Monday, July 29, 2019

Original Intent, Original Meaning, or Let's Call the Whole Thing Off

By Eric Segall

Michael Rappaport and John O. McGinnis, two of our country's leading academic originalists, recently stated in an essay for a Northwestern University Law Review Originalism symposium that "the debate over original intent and original public meaning has launched scores of law review articles." This observation is both accurate and unfortunate, but not for the reasons provided by the authors.

In their essay, Rappaport and McGinnis try to bring the warring sides to the table and closure to this debate. According to the authors, both sides believe that the meaning of the constitutional text is fixed at ratification, but they "diverge sharply on the object of their interpretation."  Those who believe in original intent think it is the enactors' subjective intentions that matter while those who favor the original public meaning approach believe that constitutional interpretation should be guided by the meaning of the text as "reasonably understood by a well-informed reader at the time of the provision's enactment."
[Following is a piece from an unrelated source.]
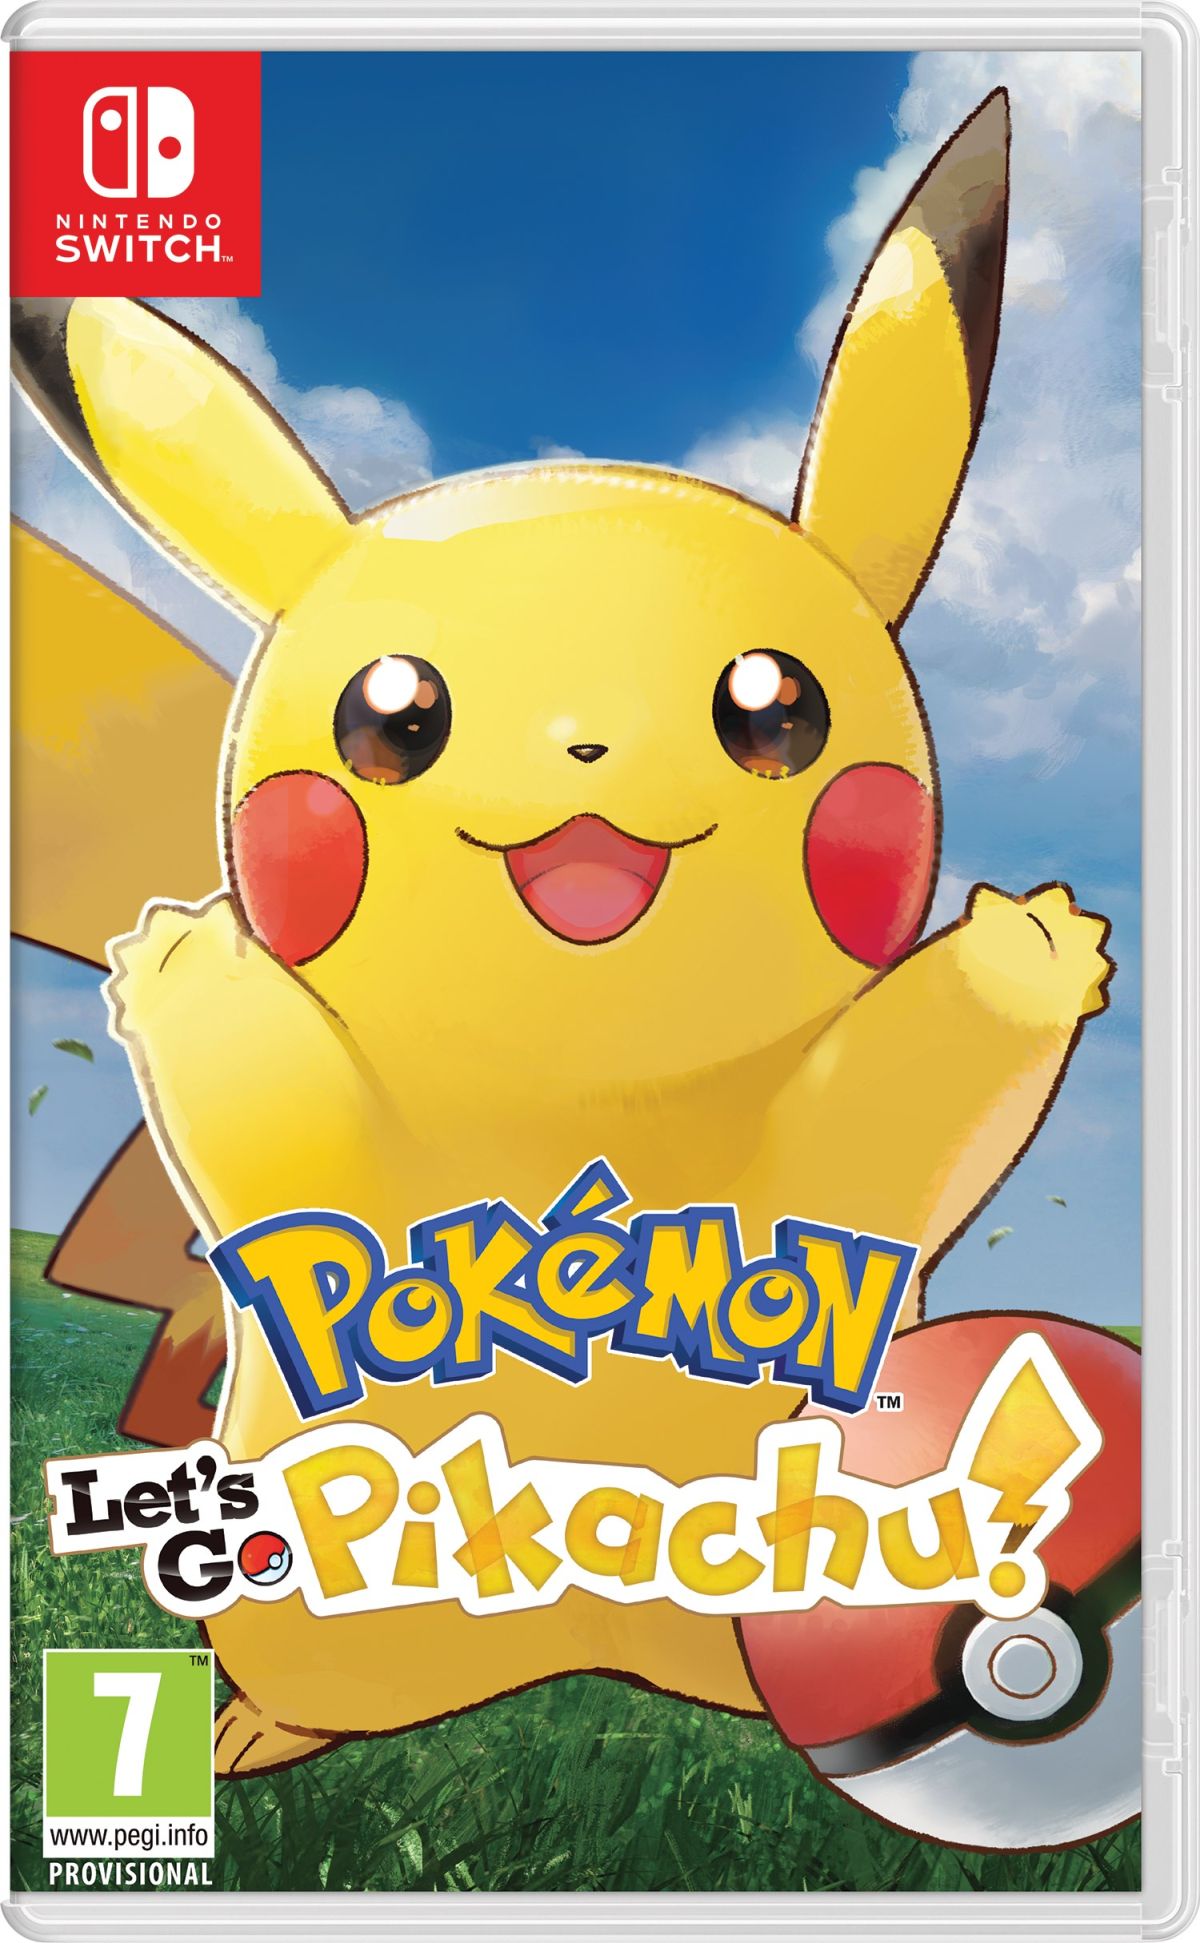 Pokemon Let's Go, Pikachu/Eevee!

Rappaport and McGinnis argue that judges today should engage in constitutional interpretation through "original methods originalism," whereby judges are bound by the methods of interpretation that were accepted at the Founding (or presumably in 1868 for the Fourteenth Amendment). They argue that this method demonstrates that public meaning originalists have the better of the argument. Their evidence is persuasive to this reader with the caveat that obviously the intentions of those who wrote and ratified the constitutional text provide at least relevant evidence as to what the text likely meant to the "well-informed" reader of the time. I do not think either author would argue with that proposition.

I am writing about their essay for a different reason, however, than taking sides in the debate over intent versus meaning. Both Rappaport and McGinnis have devoted their enormous energies to books, law review articles, blog posts, essays, and op-eds, discussing how originalists should go about their business.  I will assume for sake of argument, and I think their book "The Good Constitution" supports this hypothesis, that they are talking normatively, not descriptively. Neither man would argue that originalism of any stripe has been the dominant method the Supreme Court has used over time to decide constitutional cases.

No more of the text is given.